Wednesday, January 14, 2015

Student Engagement: more than being busy

Educators in our school district are focused on increasing student engagement. We intuitively know that if students are going to learn, they must be captivated by what they're learning. But being engaged is more than just being busy. So how do we define student engagement?

The Science House at the Science Museum of Minnesota uses this formula to define engagement:
Talking on Task + Manipulating Materials = Student Engagement

They surmise that if students are engaged, students will learn.

Our Teacher Growth, Development, and Evaluation System plan relies on the following components of the Charlotte Danielson's 2013 The Framework for Teaching to define and measure student engagement:
  • Domain 2 
    • Component 2A: Creating an Environment of Respect and Rapport 
    • Component 2C: Managing Classroom Procedures 
    • Component 2D: Managing Student Behavior 
  • Domain 3 
    • Component 3B: Using Questioning and Discussion Techniques 
    • Component 3C: Engaging Students in Learning 
    • Component 3D: Using Assessment in Instruction 
These components give educators helpful parameters and strategies to engage students in "discussion, debate, answering 'what if?' questions, discovering patterns and the like," (p. 69). I acknowledge that if teachers implement such strategies, specifically Visible Thinking Routines that I have relentlessly promoted on this blog, students will be more engaged and more will be learned. However, if teachers want to truly engage students, it will take more than teaching strategies and techniques aimed at captivating student attention. For students to be authentically engaged, curriculum must be relevant, challenging, and significant.

Currently, in our the elementary school, students are often asked to learn literacy and mathematical ideas outside the contexts that these ideas are really for. Getting all students to engage at high levels proves to be extremely difficult, no matter the engagement strategy, when we teach these complex ideas in abstract, decontextualized terms.

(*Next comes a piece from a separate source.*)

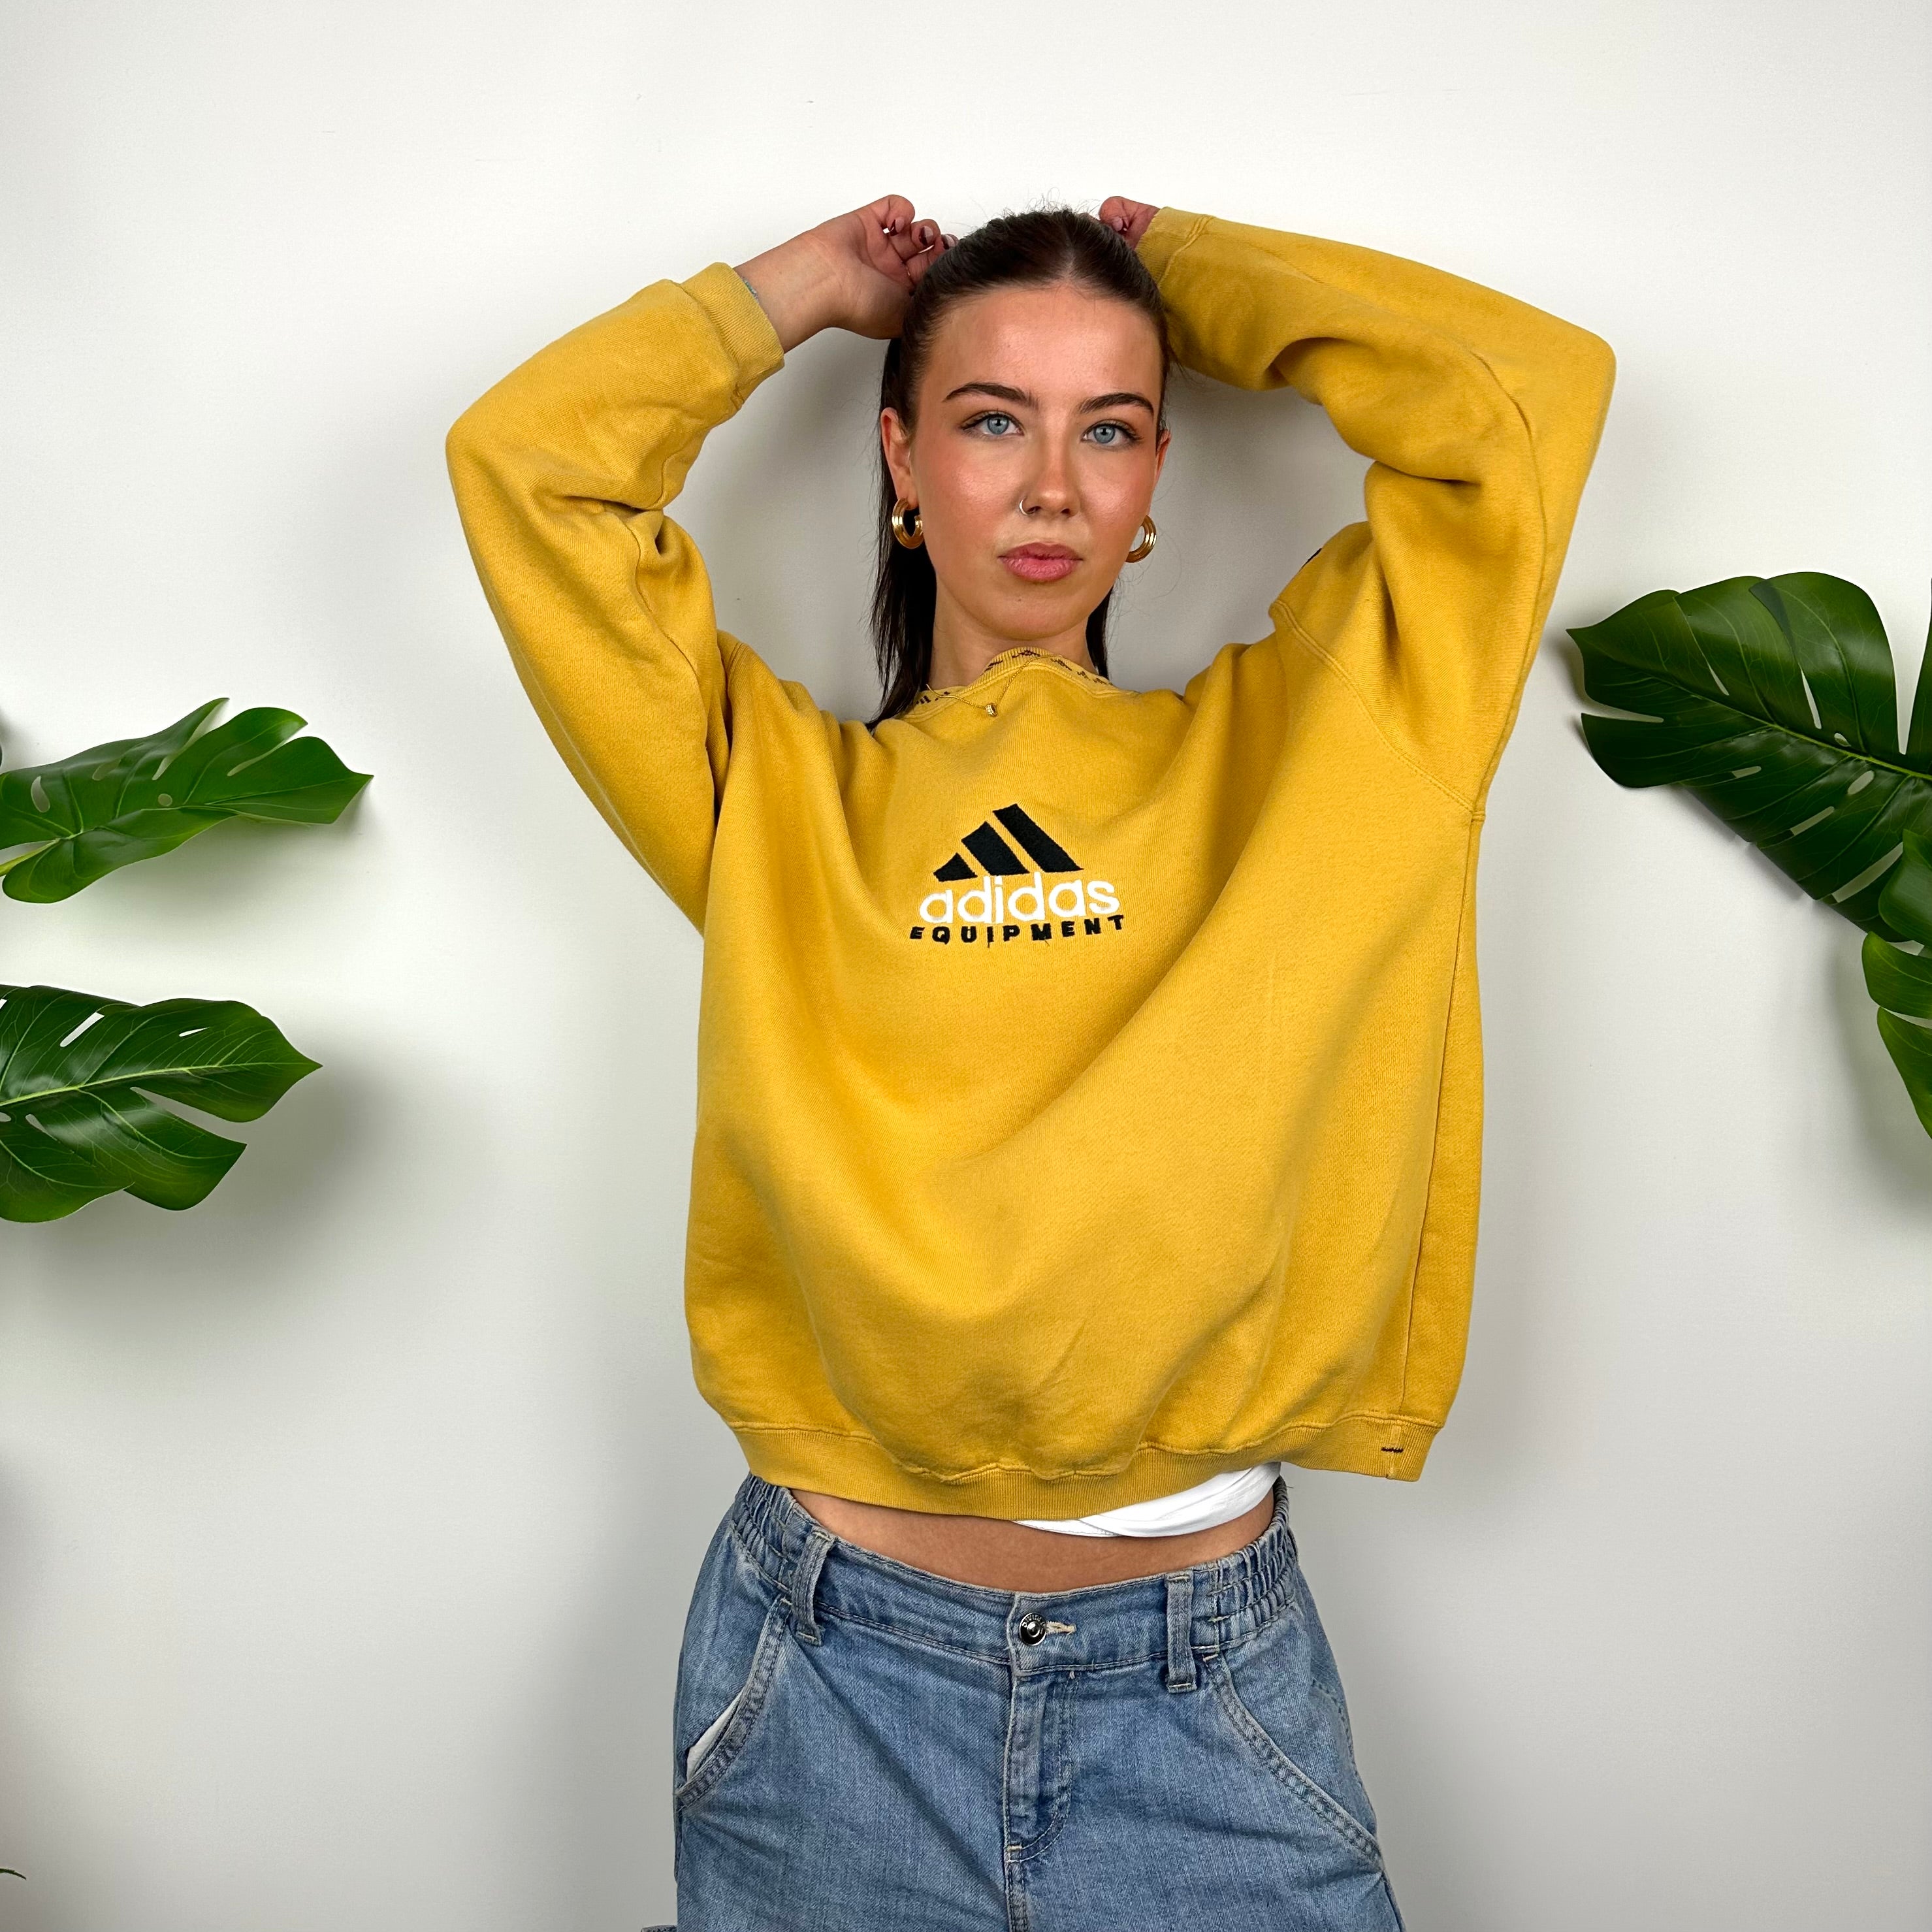 Adidas Equipment Yellow Embroidered Spell Out Sweatshirt (M)

Ron Ritchhart, in his book Intellectual Character: What It Is, Why It Matters, and How to Get It, tells the story of teachers who connect their course activity to big ideas to enhance the purpose and meaning of the work for students. He writes that by doing this, "students become clear about the larger purpose of the class and what the teacher wants them to understand and learn more about. This makes it easier to engage students in thinking because the work itself demands thinking and active exploration." He continues, "the thinking demanded of students is authentic in that it serves particular ends, unlike certain one-size-fits-all thinking-skills programs that might introduce a thinking skill in a discrete context disconnected from anything else students might be doing," (p. 150-1).

Ritchhart thus is advocating for curriculum that is based on students constructing understanding of relevant, challenging, and significant ideas, not delivering insignificant curriculum using engaging activities.

So, if we can agree that to authentically engage students, we need the right combination of engagement strategies and relevant and significant curriculum that is based on understanding big ideas, what are these ideas that are worth knowing about?

In the International Baccalaureate's (IB) Primary Years Program (PYP), the answer is to design a concept-driven curriculum; a curriculum where the understanding of significant ideas is more important than the memorization of isolated facts. H. Lynn Erickson writes in her book Concept-Based Curriculum and Instruction for the Thinking Classroom that concepts are timeless, abstract, universal, and transferrable (p. 31). But there are many big ideas worth knowing that fit this description. How are we to know which ones to teach?

Grant Wiggins and Jay McTighe suggest a list of transferable concepts in their 2005 book Understanding by Design (p. 74). They also give tips for finding big ideas within the state academic standards. Erickson echoes this idea by suggesting using the stem, "The student understands that ..." to identify concepts in state standards. She notes that this lead-in phrase "sets up the structure for a generalization sentence - two or more concepts stated in a relationship," (p. 52).

The more I work with teachers at identifying concepts - that is, ideas worth teaching - the more I think that another way to "test" to see if the idea you're considering is a concept is to consider how important the idea is to adults. If adults are continuously wrestling with the particular idea, chances are you're working with a concept.

The bottom line is this: as long as our elementary curriculum is exclusively delivered separately in reading and math blocks with little time dedicated to learning literacy and mathematical processes and strategies in the context of constructing understanding of key and related concepts within the PYP units of inquiry, our students will never truly be engaged with any of it and standardized test scores will continue to lag.

Engagement is more than students paying attention and being busy. In order for students to internalize literacy and math processes and knowledge concepts, they must be taught in the context of learning real-world big ideas; ideas that are timeless, abstract, universal, transferable, and still being discussed by adults.

When we begin to deliver this kind of engaging, authentic curriculum, coupled with employing engagement strategies designed at getting students actively and meaningfully thinking, talking, and working, we will start to see increases in levels of authentic student engagement and increases in standardized test scores soon will follow.